Bank of Uganda Governor Emmanuel Mutebile does not dispute that the economy is wobbly.

“This has been a bad year,” he said recently at the annual Bankers Dinner in Kampala on Nov. 25. His speech focused on the plight of commercial banks in 2016, but he could have been speaking about the plight of about anyone in Uganda.

It has been a bad year, many economists agree. But they are divided on causes.

The Minister of Finance, Matia Kasaija, was mid-last month compelled to give an unprecedented statement to parliament regarding the state of the economy.

Kasaija admitted the economic woes but blamed it on a difficult global environment, and geo-political conditions (civil strife in South Sudan).

Locally, he noted lower international commodity prices, a deceleration in the execution of public infrastructure projects, and post-elections related uncertainty and the recent actions of the World Bank in cancelling and suspending two crucial loan disbursements.

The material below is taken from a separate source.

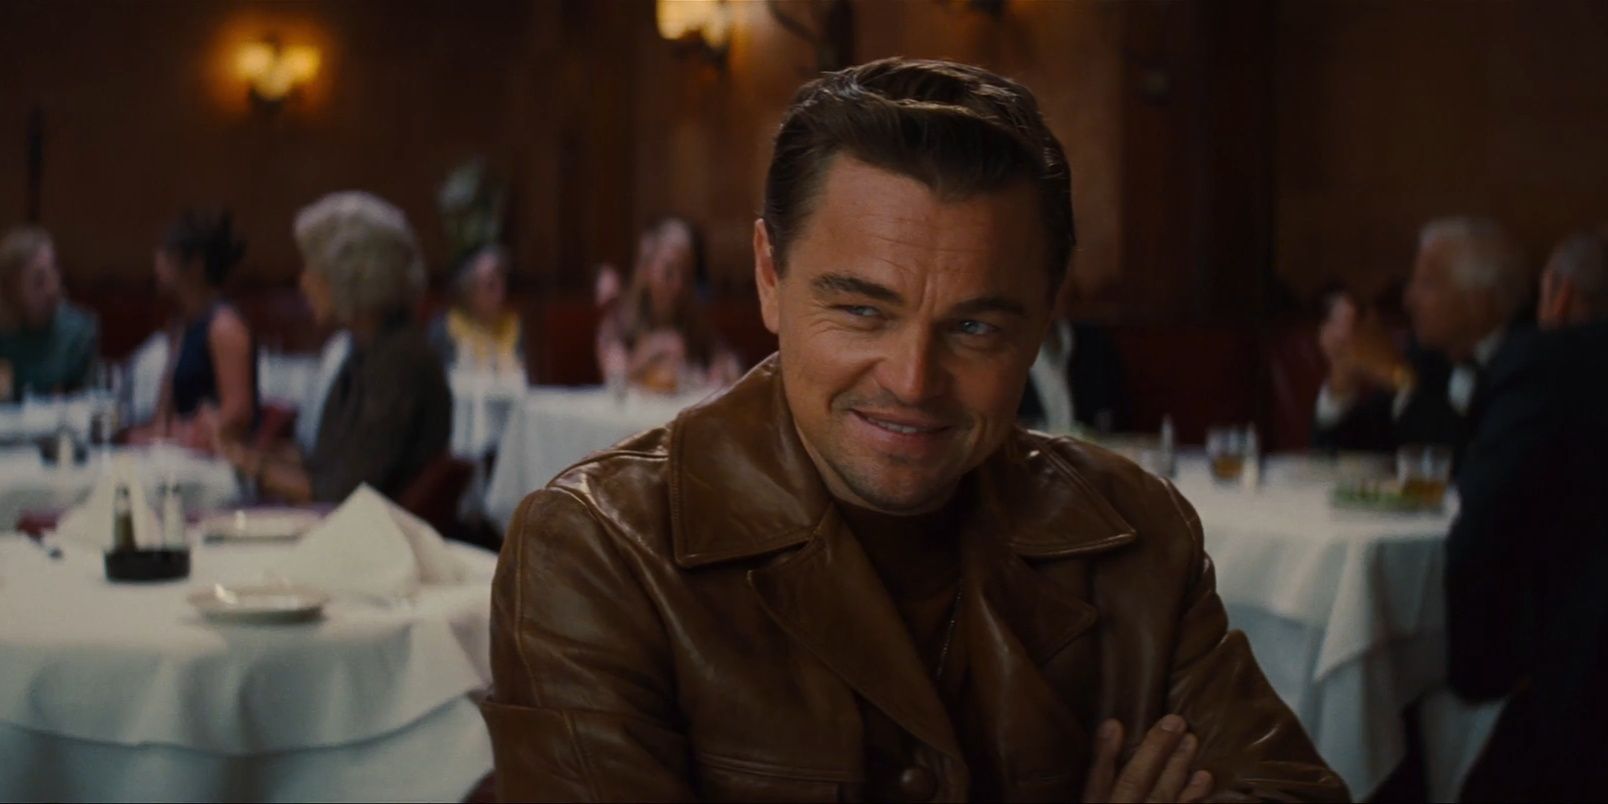 Rick Dalton smiling in a restaurant in Once Upon a Time in Hollywood 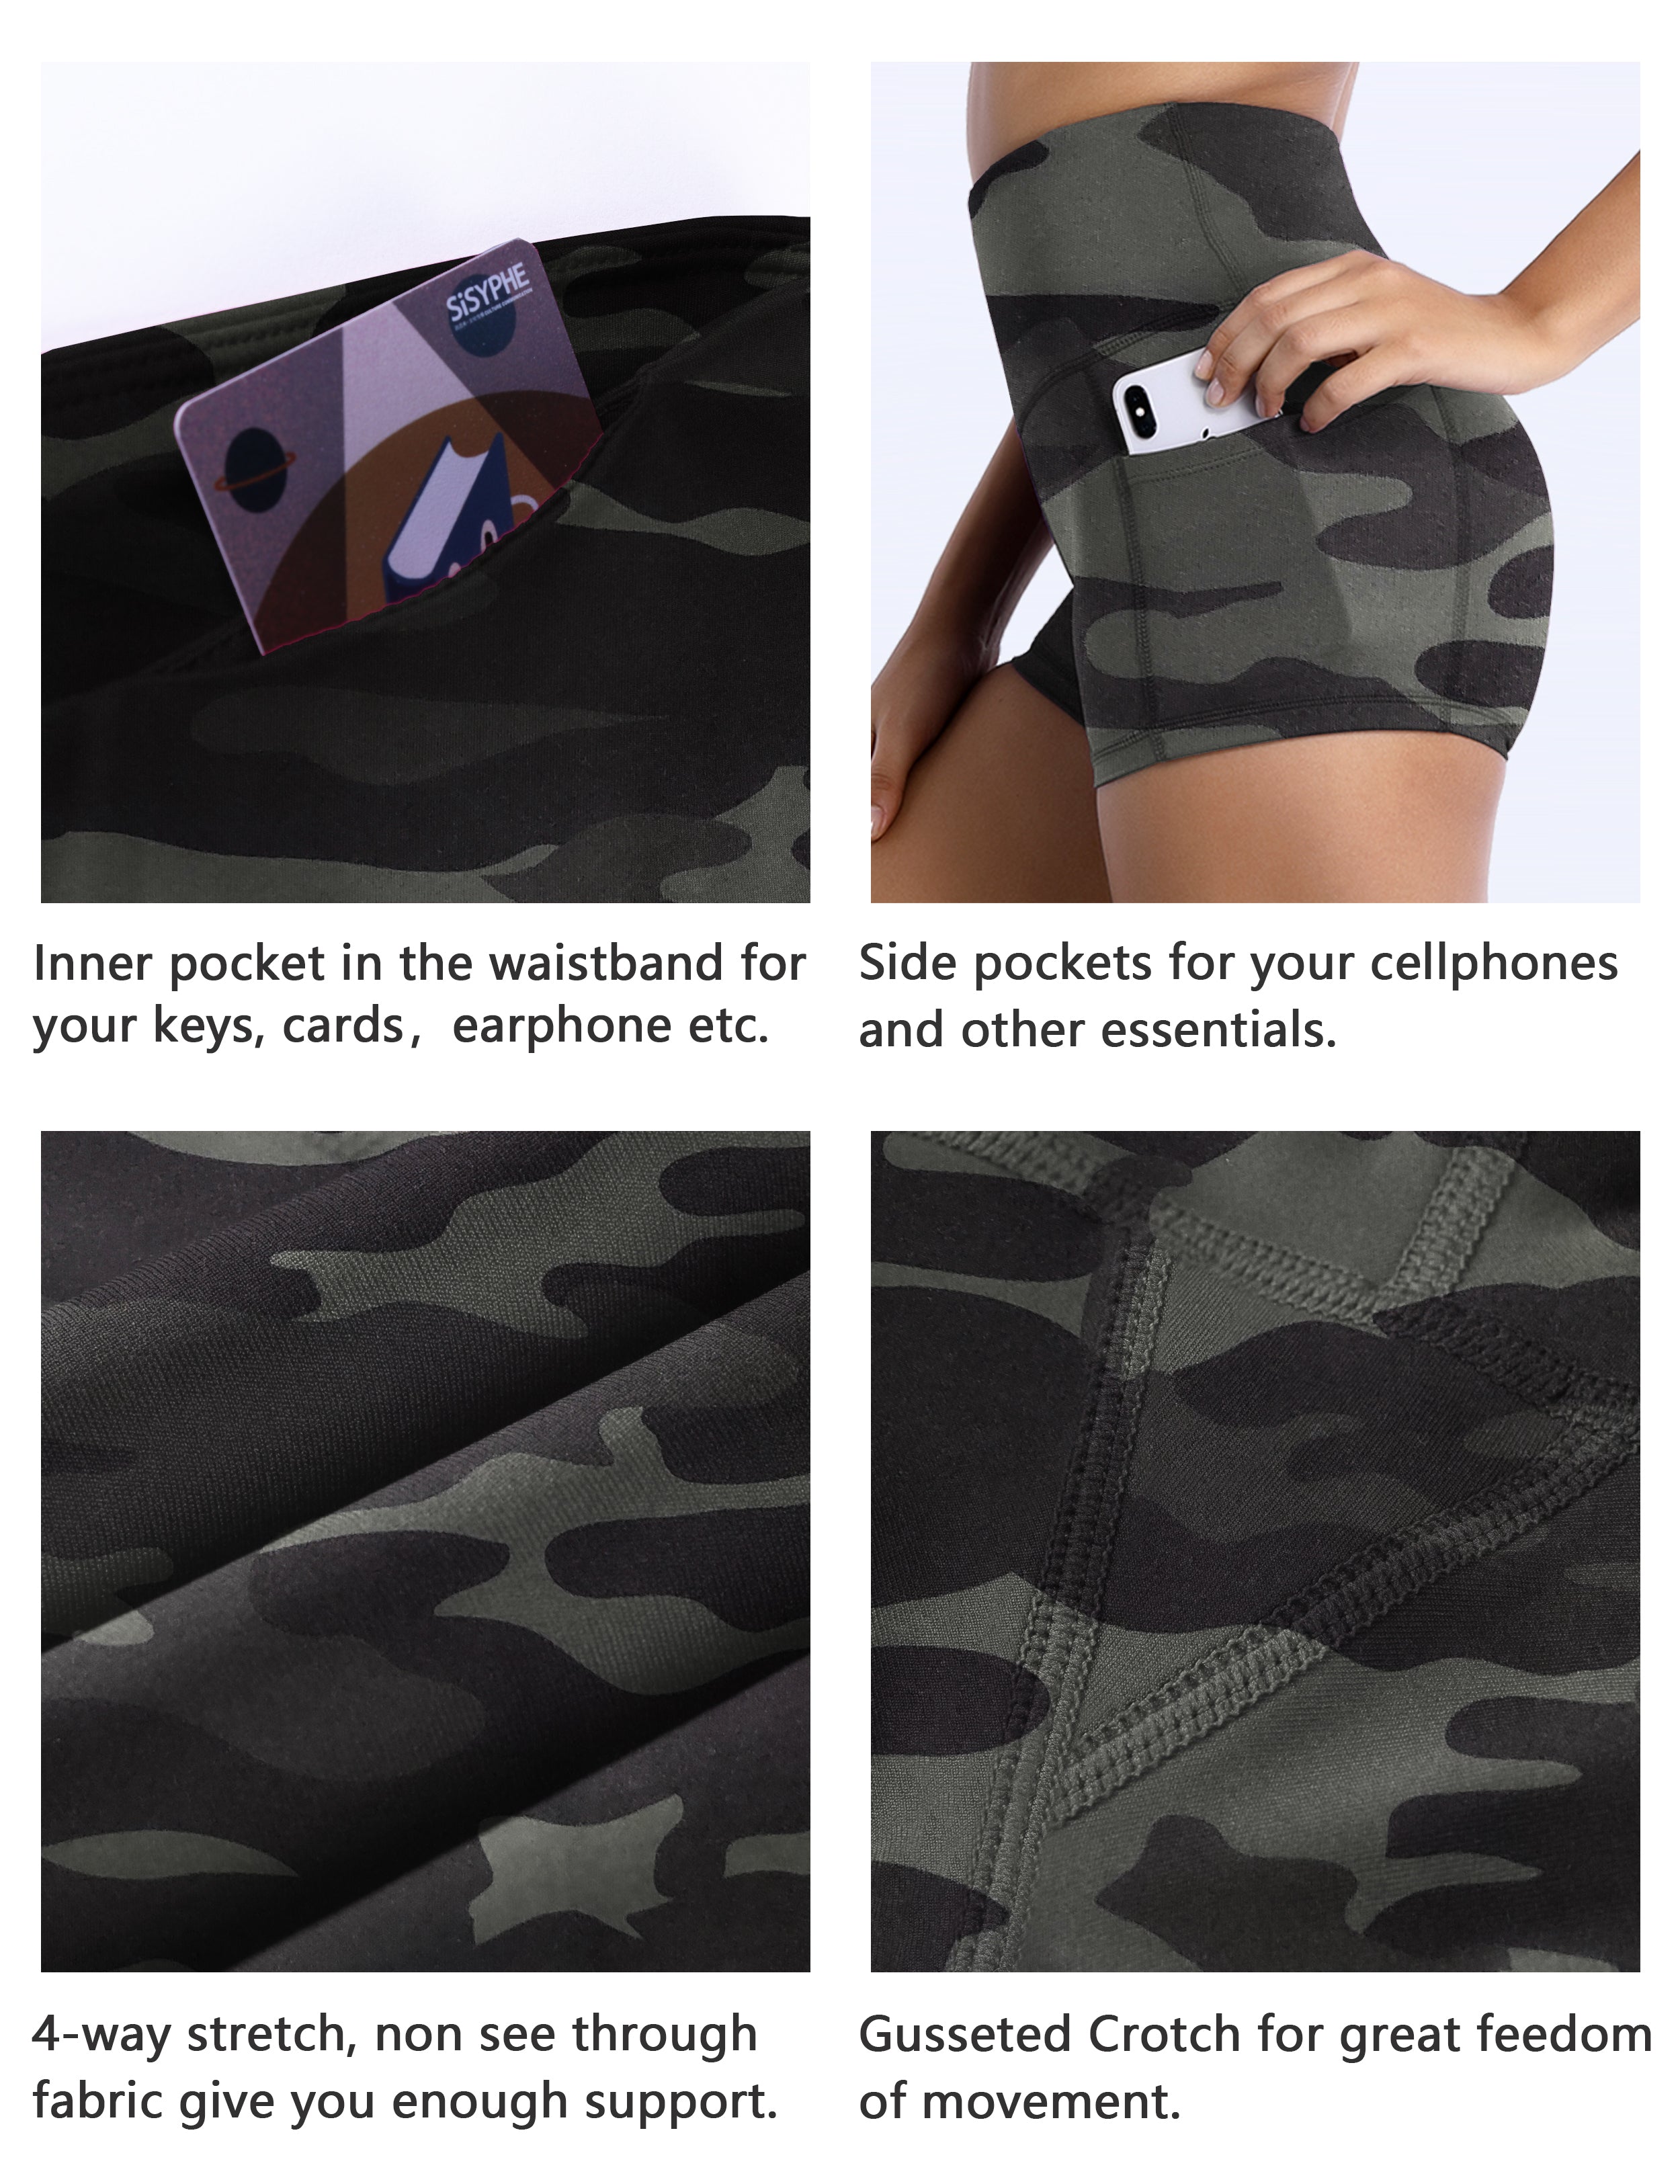 2.5" Printed Side Pockets Golf Shorts dimgraycamo Sleek, soft, smooth and totally comfortable: our newest sexy style is here. Softest-ever fabric High elasticity High density 4-way stretch Fabric doesn't attract lint easily No see-through Moisture-wicking Machine wash 78% Polyester, 22% Spandex

The minister’s statement echoed sentiments in an IMF analysis report which said the economy was not doing badly but is not in a crisis. The IMF said for the economy to recover, existing risks need to be well mitigated.

Previously, explanations like Kasaija’s and the IMF would suffice to calm fears around the economy. But in current tough times, experts are putting rosy claims President Yoweri Museveni and his technocrats at the Central Bank and Finance Ministry under greater scrutiny.

Many are pointing at actions taken by the central bank before and after the 2011 and 2016 elections to be the driver of the current economic woes.

The two elections saw both the government and opposition candidates at presidential and parliamentary elections level spend unprecedented sums of money on the campaign.

In 2011, especially, President Museveni is accused by his opponents of having raided the government coffers at Bank of Uganda during election time.

By December 2011, the massive expenditures in those elections were causing the core and headline inflation to rise at a rate of 30% and 29% respectively. The central bank reacted by rising the Central Bank Rate (CBR) to an unprecedented 23% in November 2011 from 13% in July. At the same time, commercial bank took BoU’s cue and raised lending rates to over 30%.

Commercial bank customers who acquired loans with variable interest rates suddenly found themselves having to pay higher rates. There were protests on the streets. The business community, especially in Kampala, demanded government intervention and organised a business lock-down.

Towards the 2016 elections, Kasaija requested a Shs.800 billion supplementary budget. Critics said it was again meant to finance Museveni’s campaign especially because a big chunck of it was meant for State House.